Sensor nodes collect data from where they are deployed and forward the corresponding data to sink node. If some sensors are compromised, the aggregated result will be ill-performed; Chan et al. [1] and Yang et al. [2] have introduced intrusion detection to identify ill-performed aggregation. These are passive privacy-preserving schemes. Moreover, some positive privacy-preserving schemes then are proposed by using cryptographic mechanism to establish secure communication links. A key predistribution scheme was first presented by Eschenauer and Gligor in [3], and a series of improved key distribution schemes [4–6] were described after that. The predistribution keys can be used to construct a hop-by-hop secure data aggregation algorithm. It is a simple and effective way to employ the encryption in data aggregation. However, the encryption and decryption operations have to be executed at each node. Therefore, data aggregating cost is relatively high. In order to get efficiency in privacy-preserving data aggregation, homomorphic encryption was introduced to construct an end-to-end secure data aggregation algorithm. This technique allows arithmetic operations to be performed on ciphertext directly. Note that the schemes using key distribution can ensure data not to be revealed by attackers from outside of network. However, a more stringent scenario may ask for guarantees of in-network confidentiality, which means that individual sensitive data should not be disclosed to any node in the network, including parent node or neighboring node. Some approaches are presented in [7–9] to address these issues. Meanwhile, a typical scheme, called SMART, is proposed by He et al. in [7], which slices individual sensitive data into a set of pieces and sends them to corresponding associated nodes.

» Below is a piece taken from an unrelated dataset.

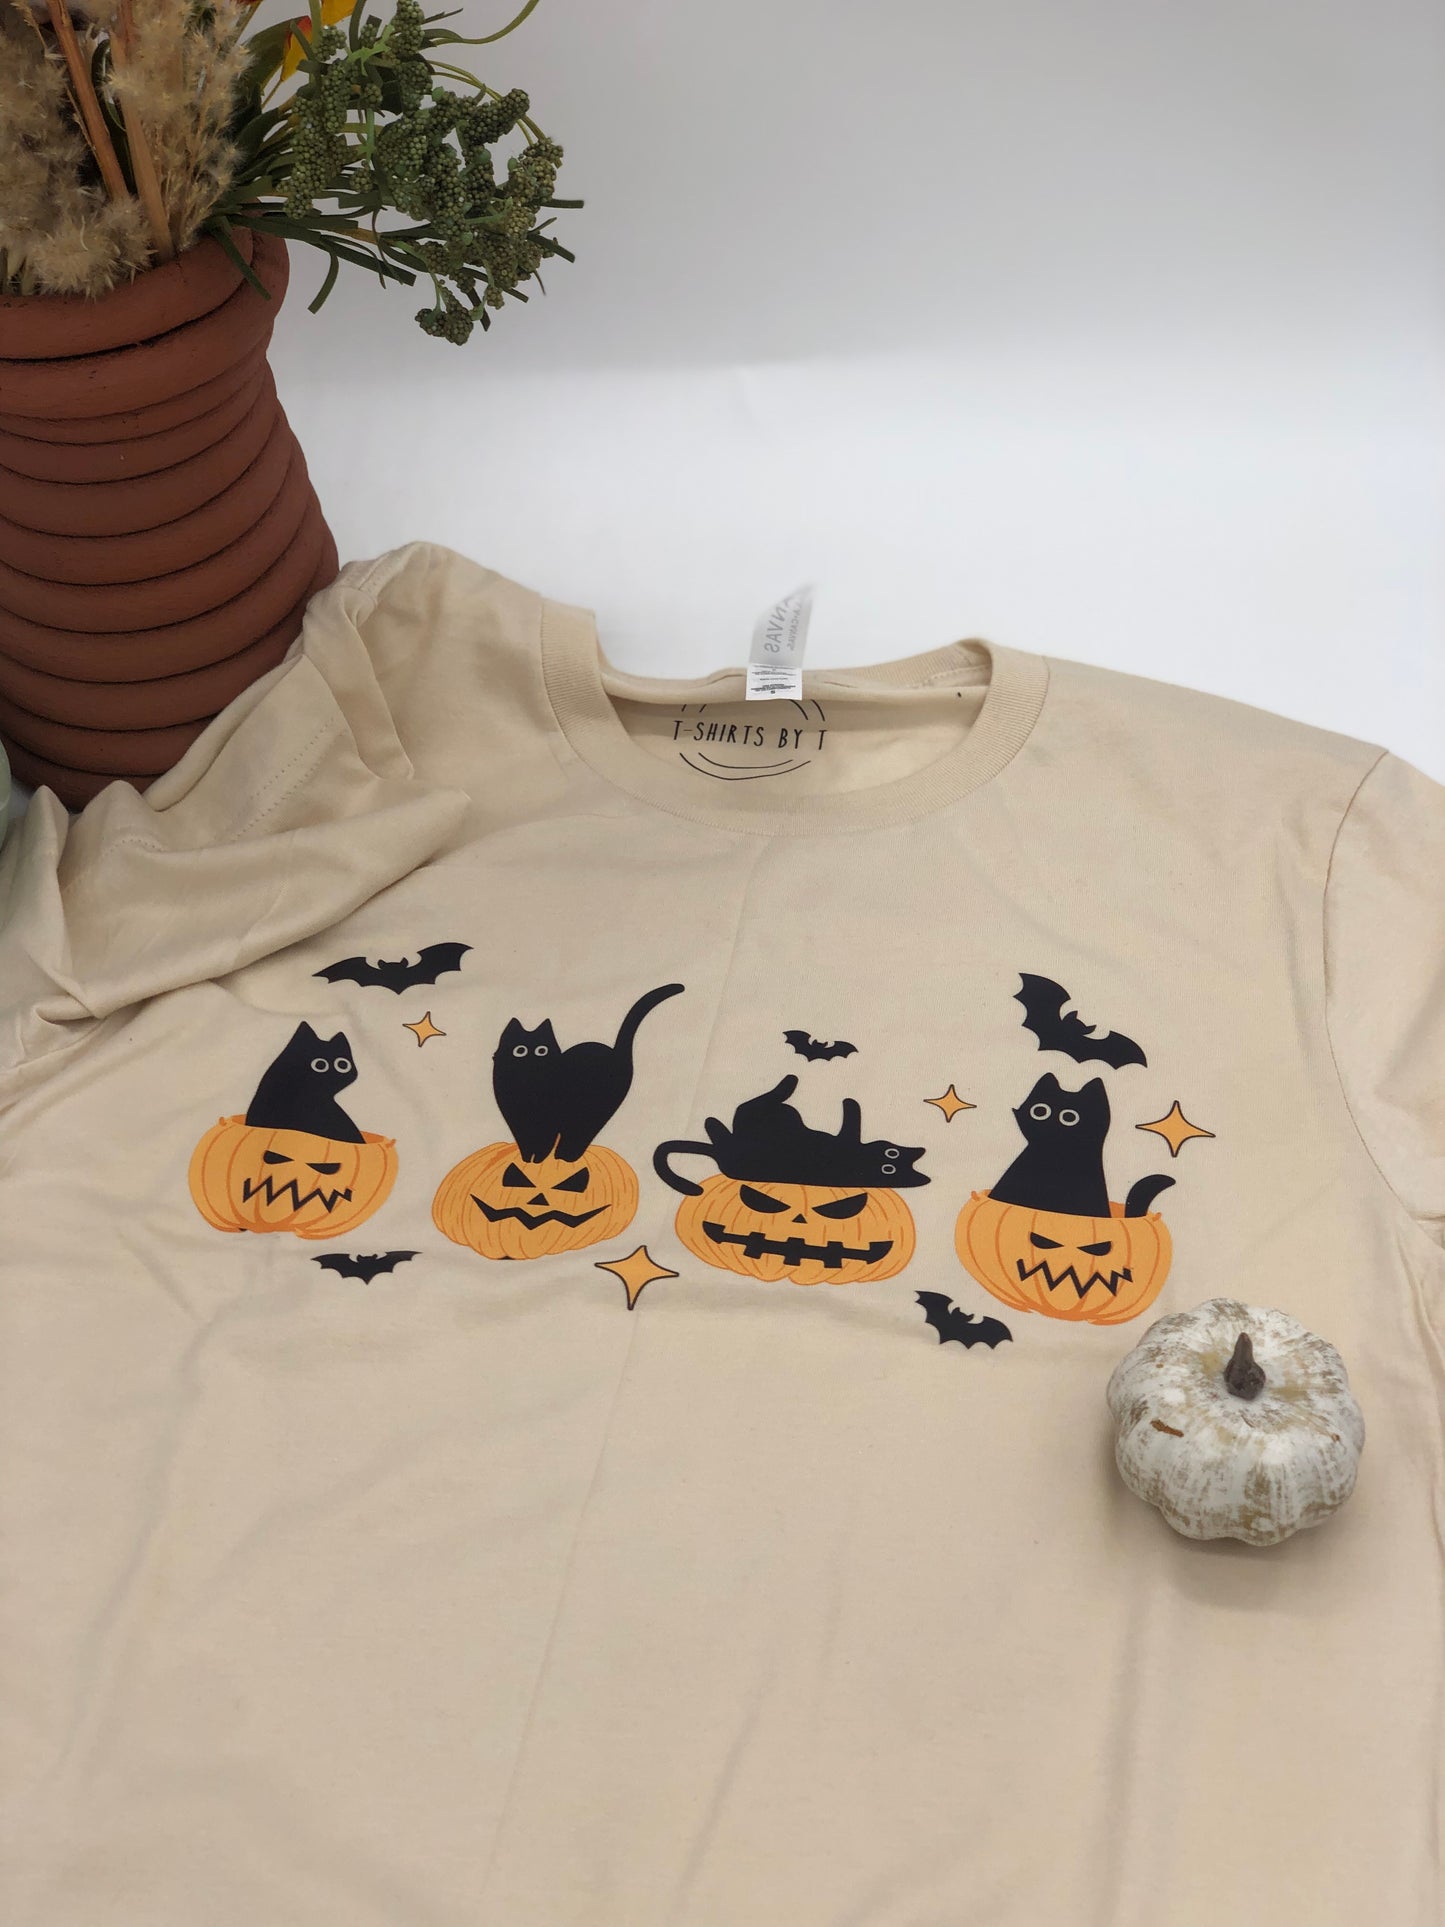 Pumpkins and black cat

The SMART scheme guarantees privacy-preserving against attacks from outside and inside of a network by using encryption with the predistributed keys and slicing the data, respectively. It has attracted much more attention in research of privacy-preserving data aggregation.
The objective of this paper is to evaluate both security vulnerability and efficiency in data aggregating schemes, particularly for the SMART scheme, and to propose a novel optimal approach, because efficiency and privacy are two important factors considered in designing data aggregation algorithm. The network's whole lifetime is tied up with node's individual energy consumptions which are spent on processing instructions, computations of CPU, send and receive operations, and so forth. Based on SMART scheme, we propose a PEPDA scheme by optimizing some parameters to reduce data collision, data loss and overhead, then to prolong the lifetime of a WSN. Compared with SMART scheme, the proposed PEPDA scheme demonstrates better performances in terms of piece accepting rate, aggregation accuracy, energy consumption, and privacy-preserving efficacy.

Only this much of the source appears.